Poi mi ricordavo. Una volta avevo scritto un libro, piccolo, ricolmo di parole, ordinate secondo un senso che allora mi era sembrato giusto. Non immaginavo davvero che alla lunga ci sarei finito dentro, rimanendo prigioniero di quello che ci avevo messo e che non avrei potuto cambiare più nulla, nemmeno una virgola!
A saperlo non l’avrei concluso con un punto fermo, ma avrei lasciato a metà il discorso, con tre puntini o con una parentesi aperta, tenendo anche delle pagine bianche per far capire che avrei voluto aggiungere dell’altro e che me ne era mancato il tempo. In quarta di copertina in poche righe era riportata l’esile ampiezza della mia parabola letteraria bloccata sulla carta. L’editore però era stato perentorio: “La carta costa e non se ne può lasciare in più!”- ed aveva rincarato: “Quella bianca è un lusso che non mi posso permettere. Di questo passo chiunque può aggiungere altro  senza che gli si possa chiedere di renderne conto. Troppo comodo avere un luogo dove si è liberi di scrivere e modificare a seconda di quello che si sente di voler dire!”- Non senza una punta di malcelata soddisfazione aveva concluso:”Pubblicare vuol dire cristallizzare in un oggetto unico e immodificabile, quasi fosse una pietra preziosa, il contenuto di un percorso compiuto ed espresso attraverso lemmi articolati in concetti trattenuti dalla punteggiatura e dall’inevitabile asciugarsi dell’inchiostro sui fogli imprigionati dalla rilegatura. Ogni autore ne è a conoscenza. Il  prezzo che deve pagare per sperare di raggiungere la notorietà è nel rinunciare alla libertà di disporre delle sue parole una volta stampate. Non sono possibili ripensamenti!” Avevo commesso la leggerezza di non aver dato il giusto peso a quelle affermazioni.

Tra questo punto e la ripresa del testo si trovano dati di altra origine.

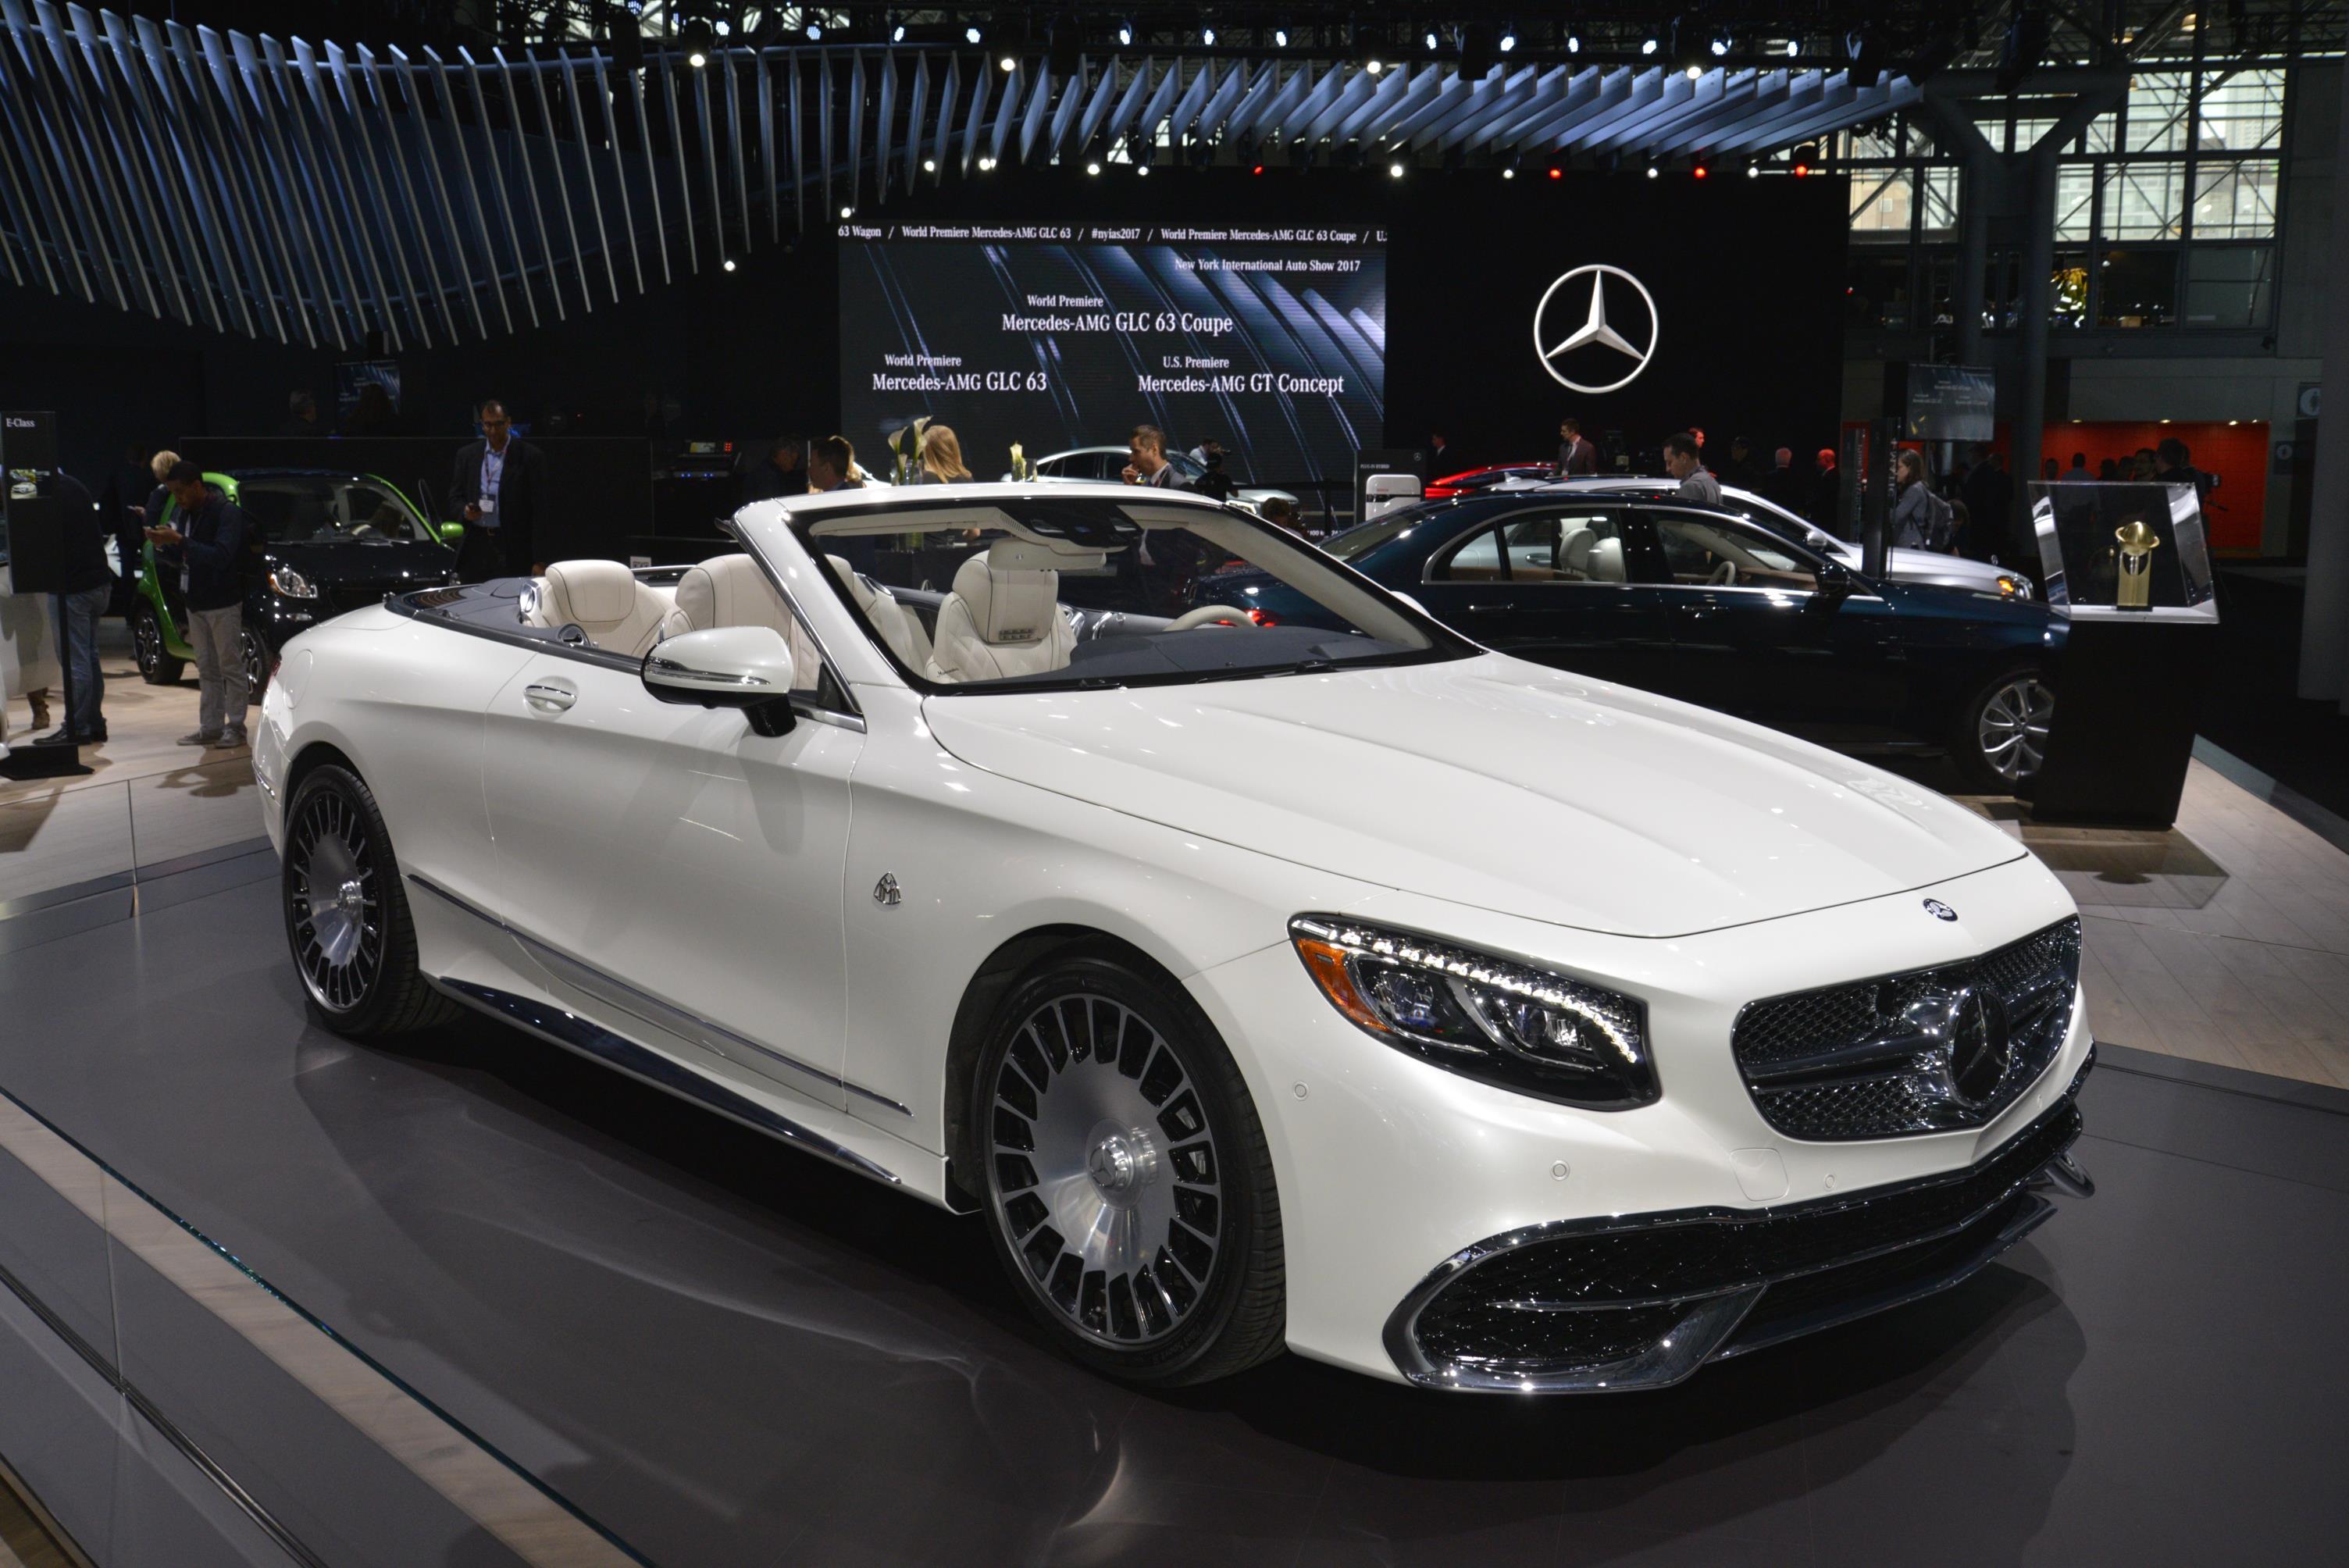 New York Auto Show 2017 (225)

Se tante volte vi venisse lo sghiribizzo di immaginare, lasciate stare, non sapete quello che può capitarvi. Se proprio non avete di meglio da fare, fatelo pure, ma sappiate: è a vostro rischio e pericolo. Vi ho avvisato.

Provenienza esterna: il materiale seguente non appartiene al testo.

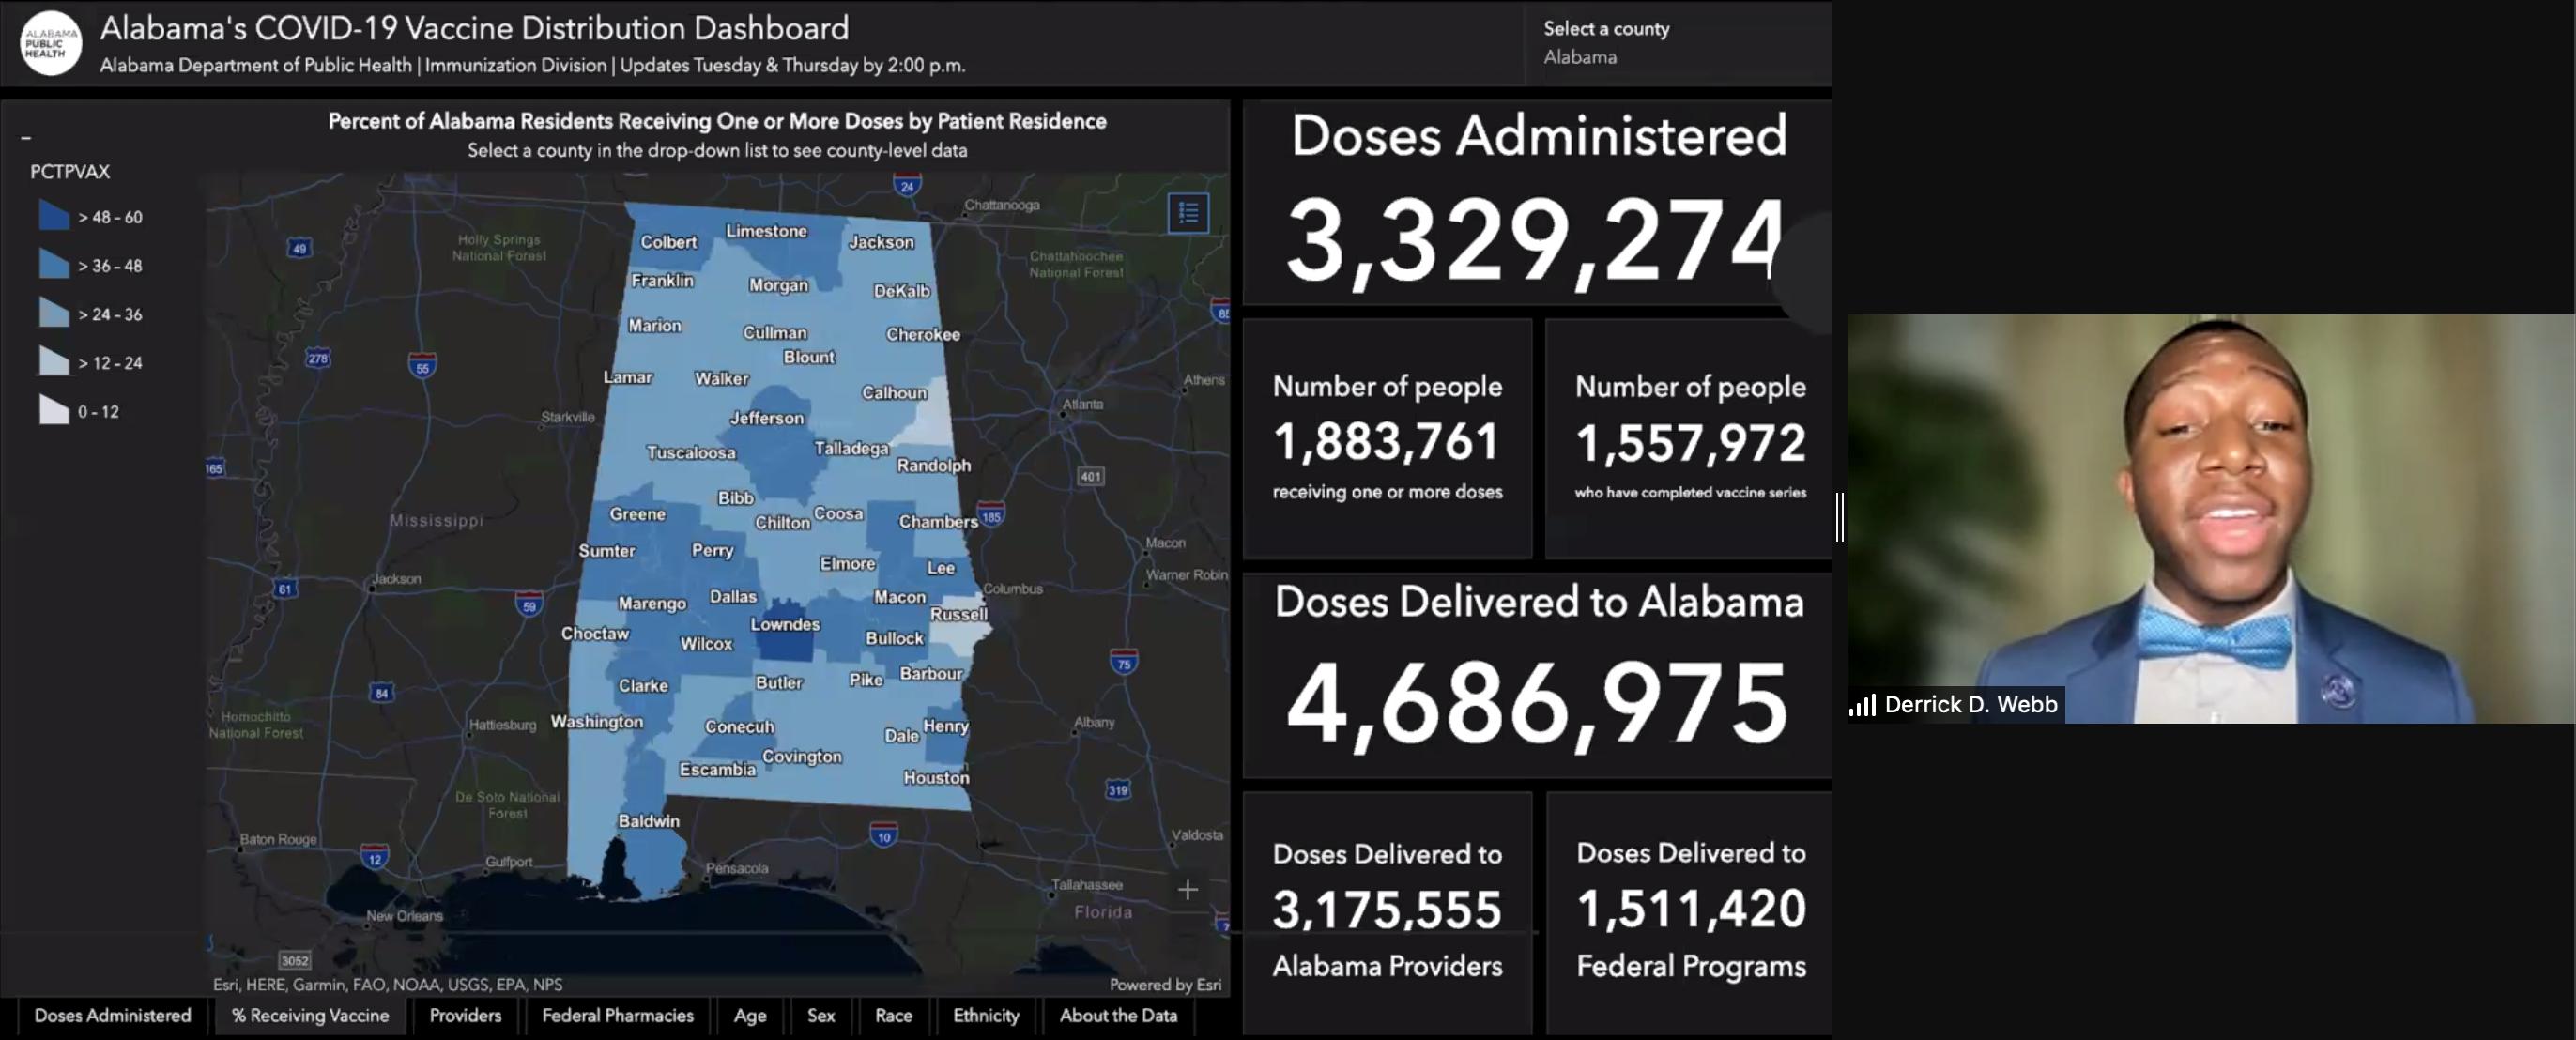 Derrick Webb Presentation Screenshot - Alabama's COVID-19 Vaccine Distribution

Quando vi capita venite a trovarmi, sono sempre in biblioteca.”

Il lettore non ci aveva capito molto. Aveva preso per caso quel libro e lo aveva letto, più che altro incuriosito dal titolo “Noi siamo ciò che ci immaginiamo di essere”. Seduto in un angolo nascosto, illuminato da una piccola luce, non si era nemmeno accorto del procedere della quarta dimensione, tanto da immergersi a fondo nella lettura. La biblioteca era deserta. La bibliotecaria lo aveva dimenticato ed era andata via chiudendolo dentro. Era rimasto lì, circondato da libri. L’indomani l’avrebbero ritrovato o sarebbe sparito anche lui come l’autore del libro che aveva appena terminato?

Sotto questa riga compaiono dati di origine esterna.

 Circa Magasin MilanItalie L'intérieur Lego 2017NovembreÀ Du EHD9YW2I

( da www.raccontioccasionali.blogspot.com , post pubblicato il 2 ottobre 2012 e da www.landasurreale.blogspot.com, post pubblicato il 5 febbraio 2012)


Il presente racconto era stato scritto per partecipare alla Edizione  dell'anno 2011 del Premio Arturo Loria organizzato dalla Biblioteca A.Loria del Comune di Carpi (MO).
In effetti, trattandosi di una Biblioteca avevo pensato che il soggetto più adatto potesse essere un libro, magari piuttosto particolare e dai risvolti inattesi.
Il notevole numero di visualizzazioni su Landa Surreale mi ha spinto a riproporlo anche qui, sperando che qualcuno si fermi ad appuntarmi le sue impressioni nello spazio dei commenti.